DATA SHOWN:
▽
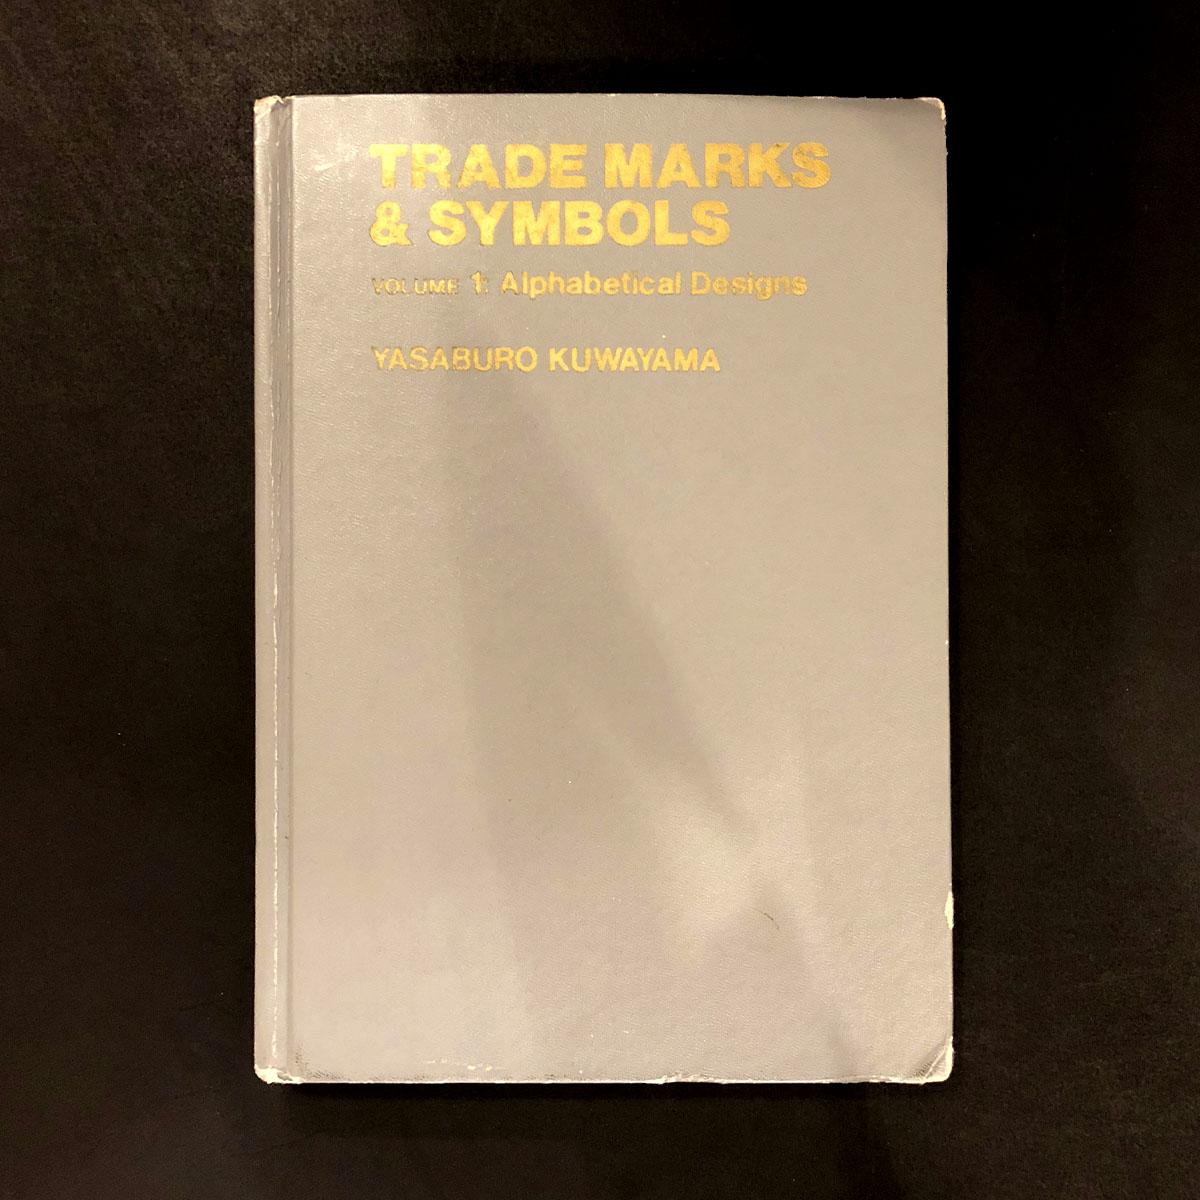 Books Layered_0002_IMG_1105.jpg
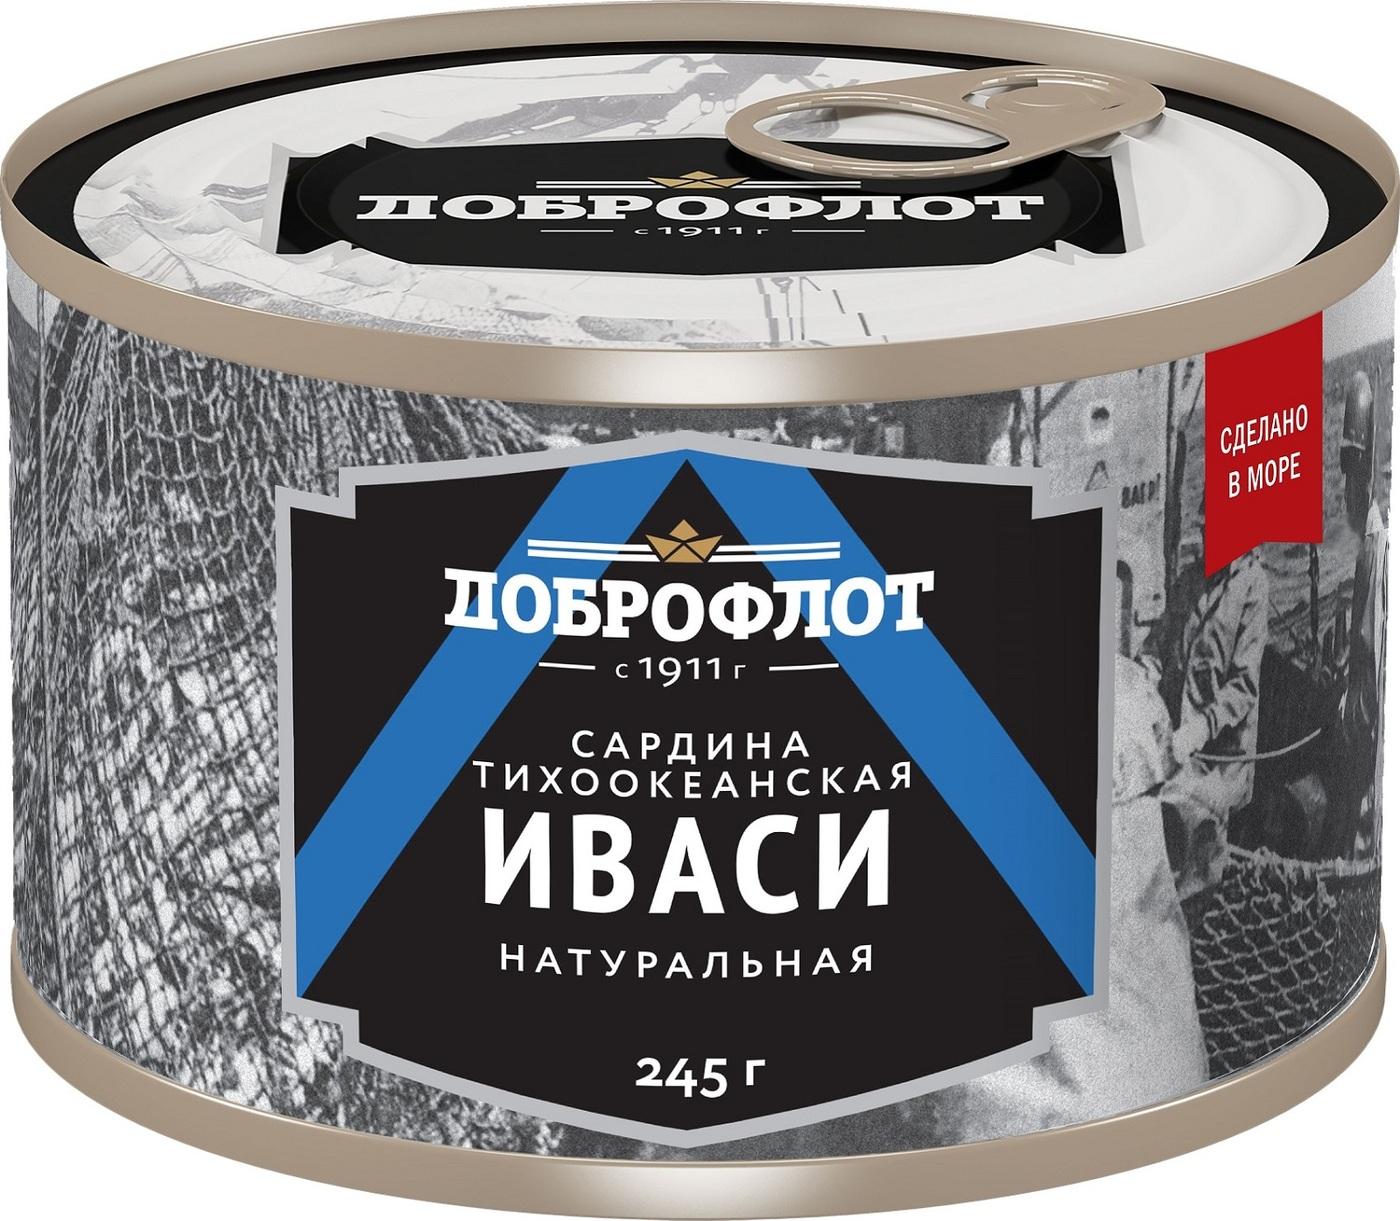 Что такое иваси? сельдь иваси. блюда из рыбы иваси :: syl.ru
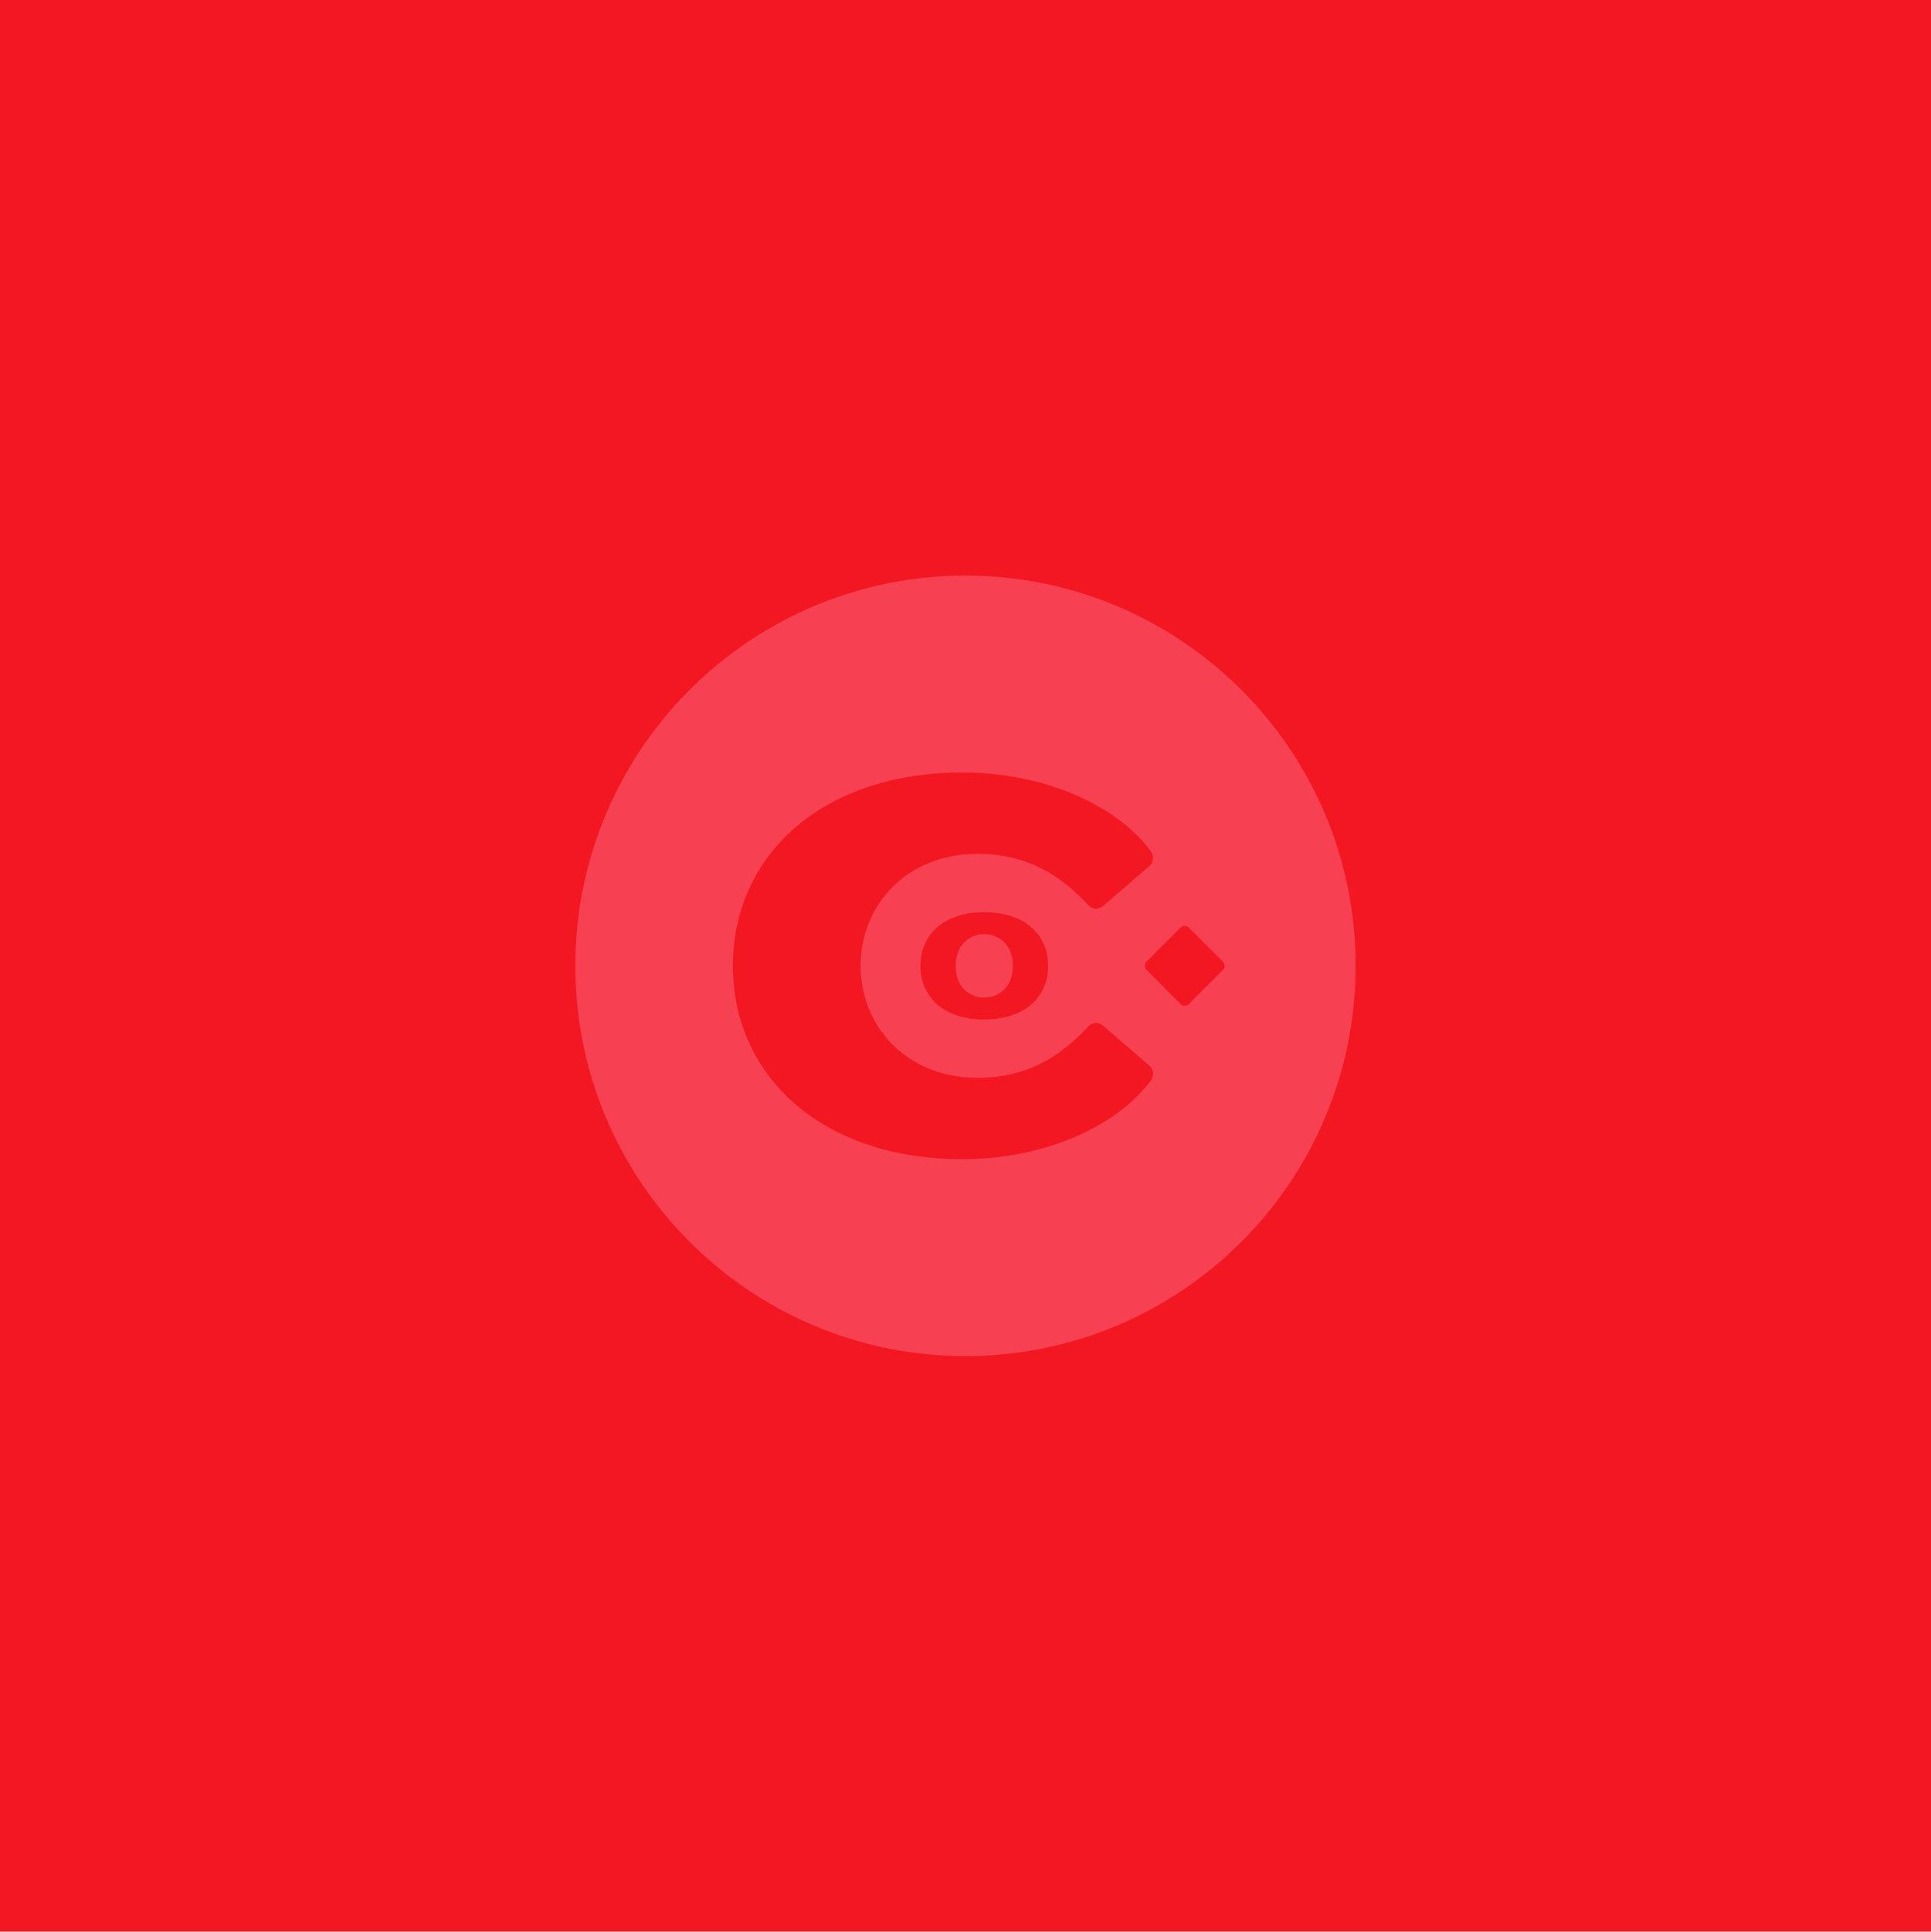 RESCO_Blocks_Brand_7.jpg
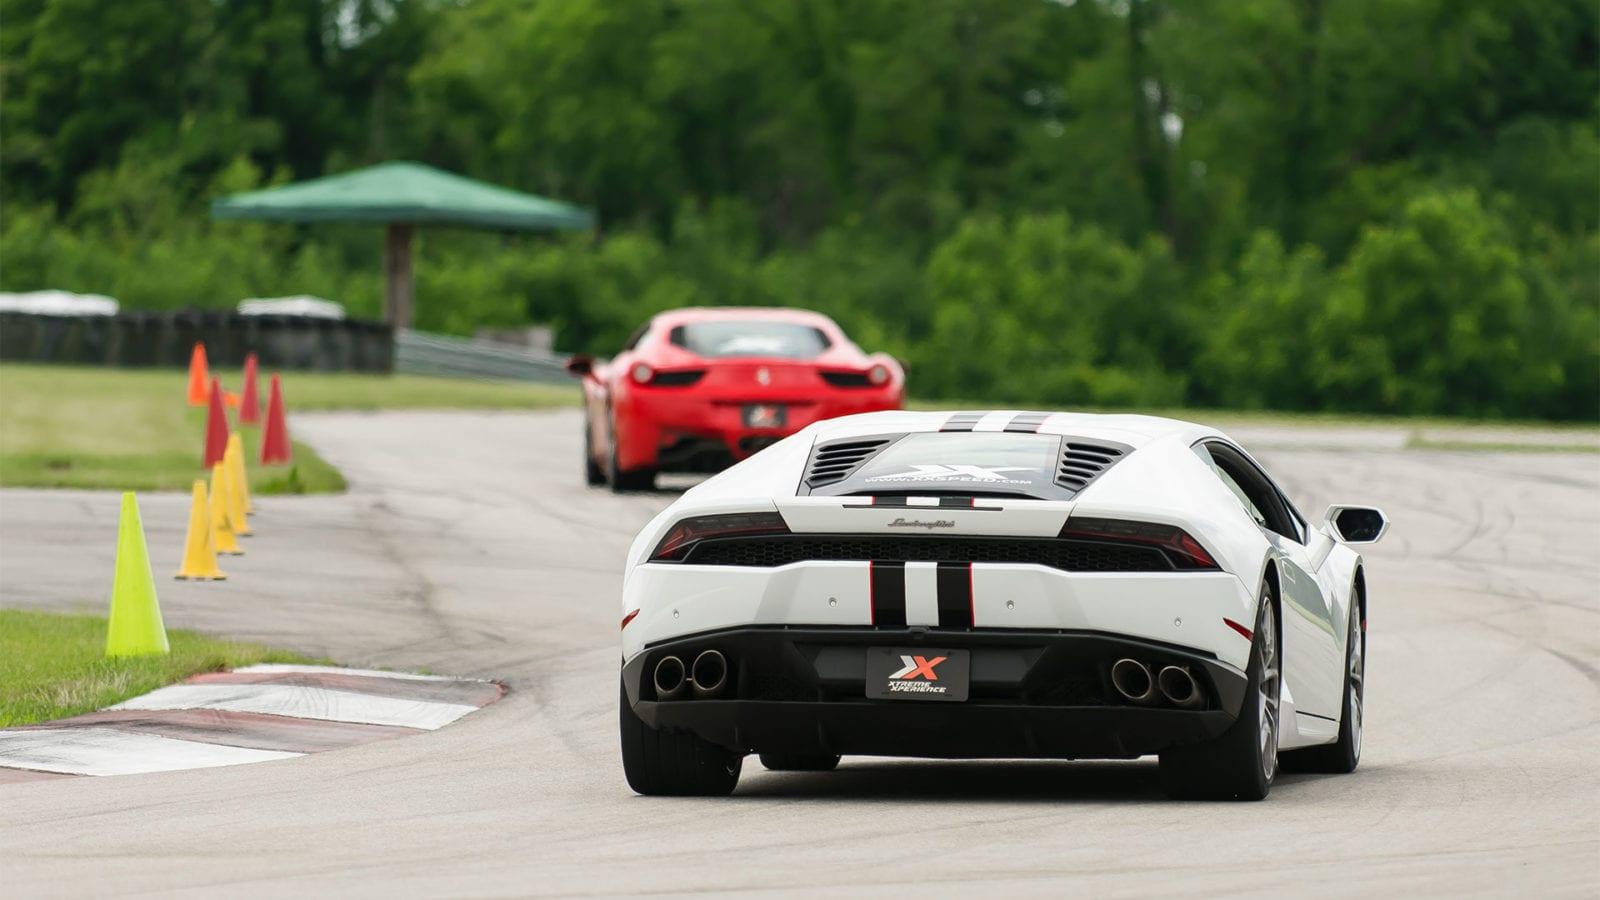 Lamborghini Huracan and a Ferrari 458 Italia on a racetrack
△
Set the data above down again exactly as given, with no pictures.

RESPONSE FOR THIS EXERCISE:
 Books Layered_0002_IMG_1105.jpg
 Что такое иваси? сельдь иваси. блюда из рыбы иваси :: syl.ru
 RESCO_Blocks_Brand_7.jpg
 Lamborghini Huracan and a Ferrari 458 Italia on a racetrack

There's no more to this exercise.